President of the South African Rugby Union

Personal details
- Born: 18 June 1932 Britstown, Karoo, Western Cape
- Died: 1 February 2013 (aged 80) Durban, KwaZulu-Natal

= Louis Luyt =

South African businessman and politician

Louis Luyt (18 June 1932 – 1 February 2013) was a South African business tycoon and politician, and one-time rugby administrator.

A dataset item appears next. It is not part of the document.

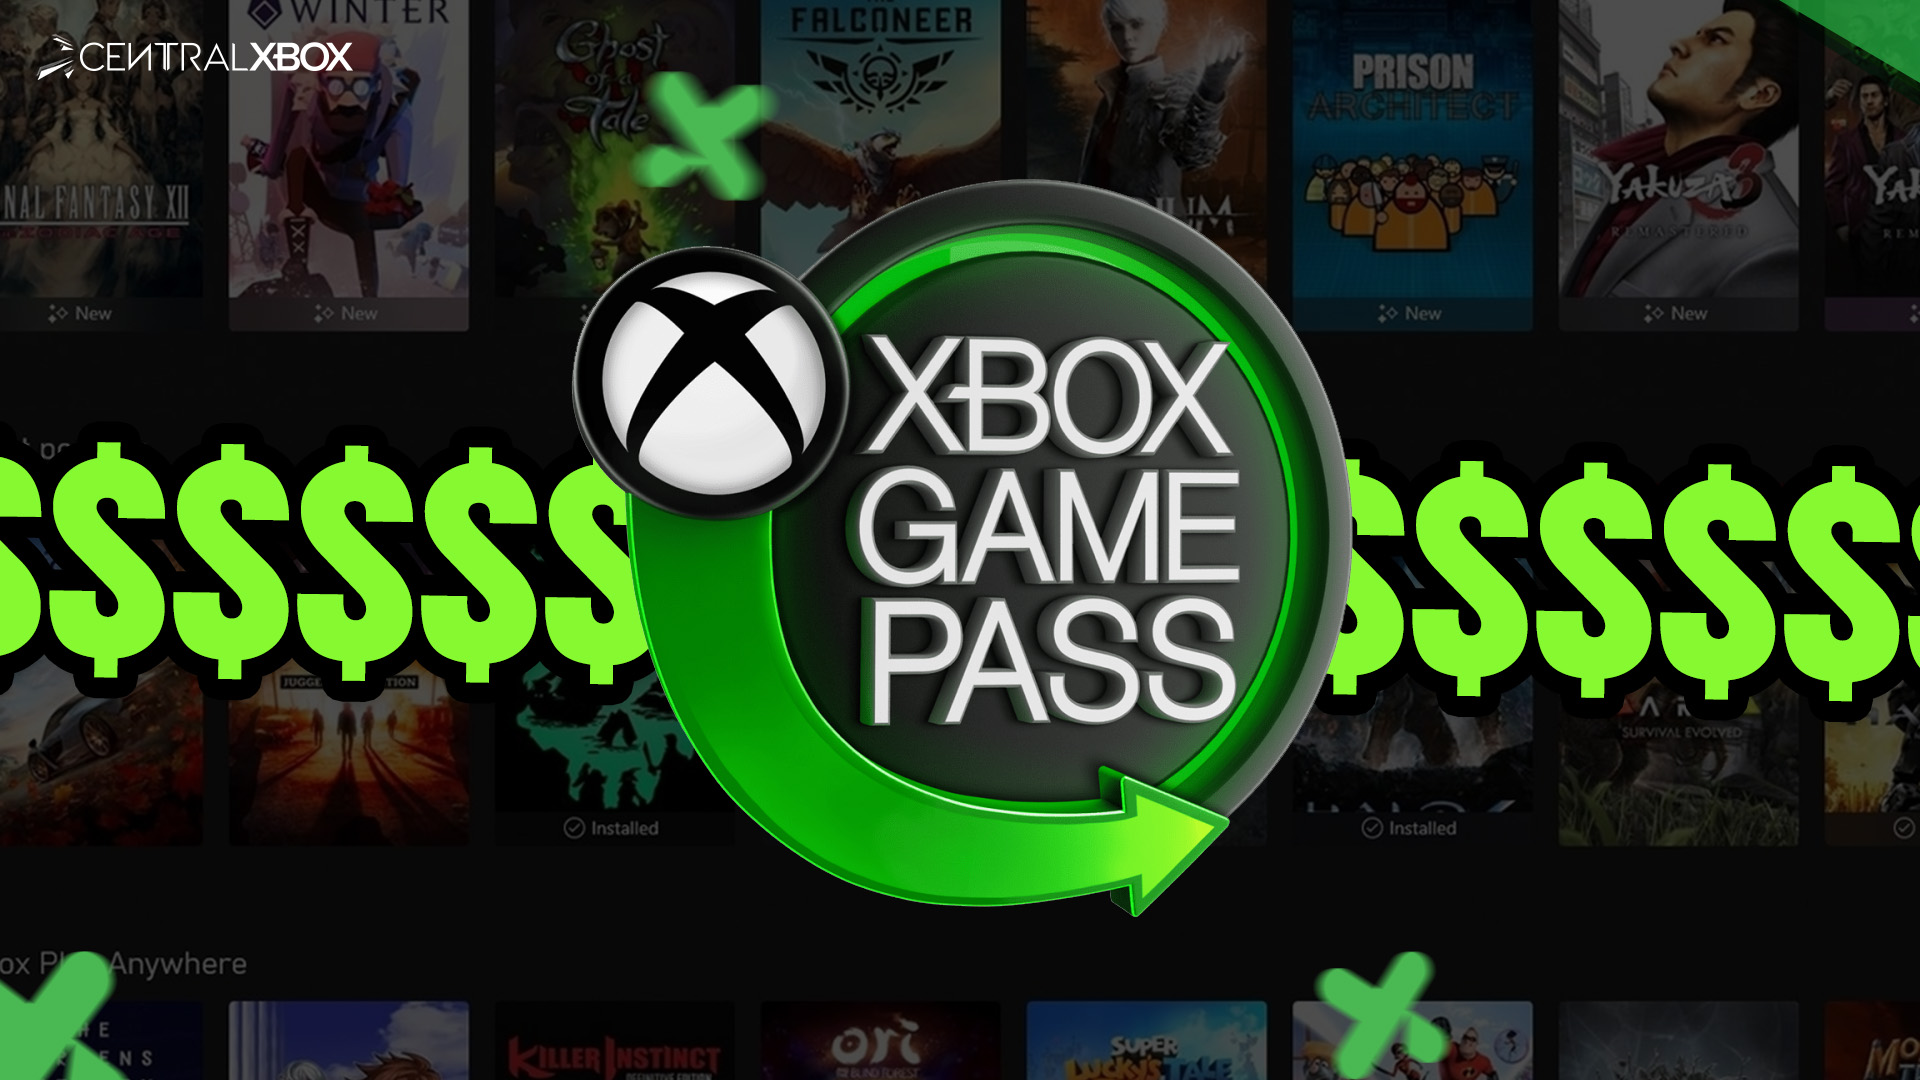 BREAKING: Xbox is making new changes to the Game Pass transfer system and subscription limit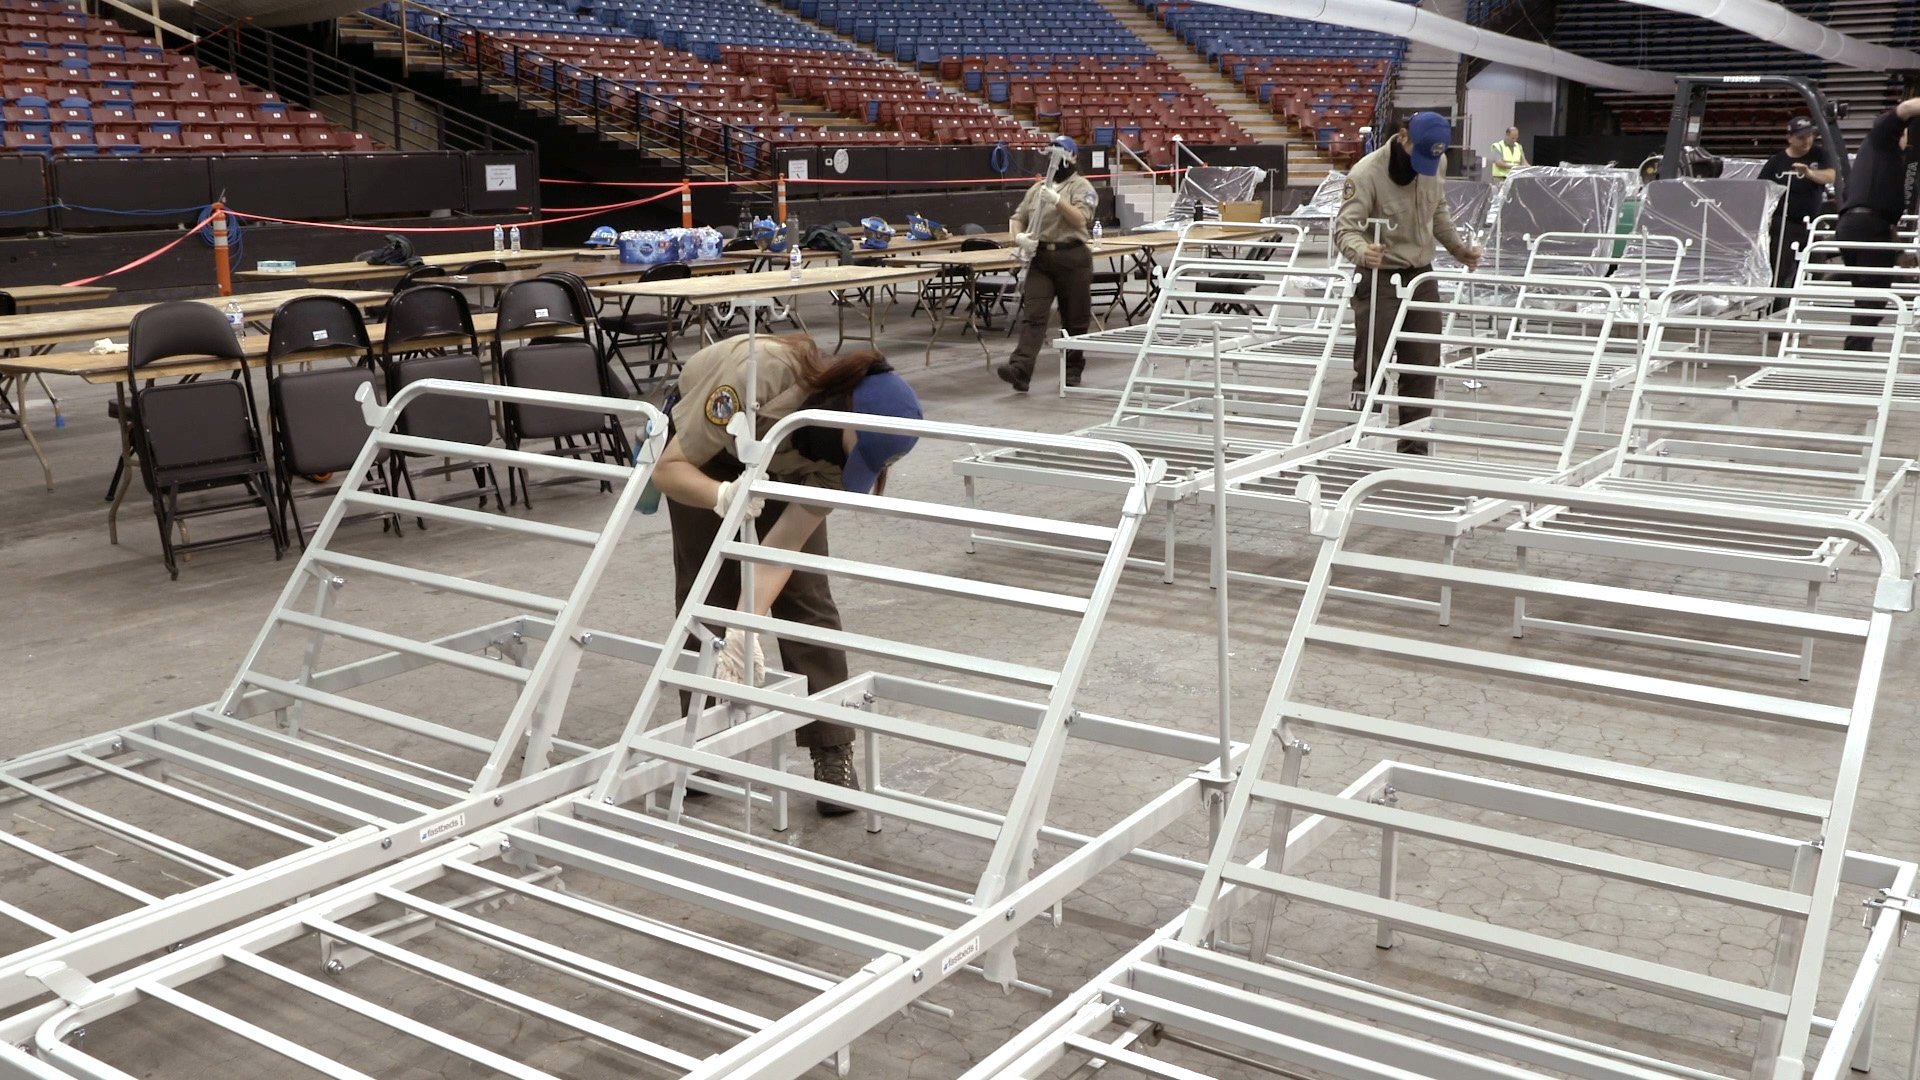 corpsmembers set up hospital beds in arena

Having been a rugby player as a young man, Luyt went on to become a businessman. He founded Triomf Fertiliser and Luyt Breweries, and took control of Ellis Park stadium in Johannesburg. Distrusted by the Afrikaner elite, Luyt achieved financial success without being a member of the secretive Broederbond.

==The Citizen==
In 1976, during the apartheid era, Luyt founded a new English language newspaper, The Citizen. It was later revealed that the money to establish and finance the newspaper had come from a secret slush fund of the Department of Information, and ultimately from the Department of Defense.

==Rugby administrator==

He was president of the South African Rugby Union when the Springboks, the national team, won the Rugby World Cup in 1995 at their first attempt after returning to international competition after more than a decade of isolation. At the official dinner for the Springboks and the New Zealand All Blacks, following the former's narrow victory over the latter in the final, in a speech described by the New Zealand media as "boorish", he declared that if they had played, South Africa would have won the previous two Rugby World Cups including the 1987 tournament won by the All Blacks. In response, the All Blacks walked out of the dinner. During that same dinner, he also caused controversy by publicly thanking referee Derek Bevan for his refereeing during the semi-final between France and South Africa; Bevan had denied France a last-minute try, despite it "look[ing] like [Frenchman Abdelatif Benazzi] had grounded the ball over the tryline on the slow motion action replay" (there was at the time no television match official). Had the try been allowed, France would have taken the lead. Luyt invited Bevan onto stage to accept an expensive gold watch, leading to a mass walkout, with Bevan himself leaving the room.

In 1998 allegations of lingering racism in rugby led to him being required to appear before a presidential commission of inquiry but Luyt refused to appear and forced President Mandela into court. The High Court found for Luyt, but on appeal the Constitutional Court found against him and for the President.

==Politician==
In 1998, Luyt resigned as rugby union president after being accused of racism and financial mismanagement, and he later formed a political party. He was a member of Parliament as leader of the Federal Alliance from 1999. In 2000 the Federal Alliance merged with the Democratic Party and the New National Party to form the Democratic Alliance before in 2007 Luyt finally led his party to join with the Freedom Front Plus and retired from active politics.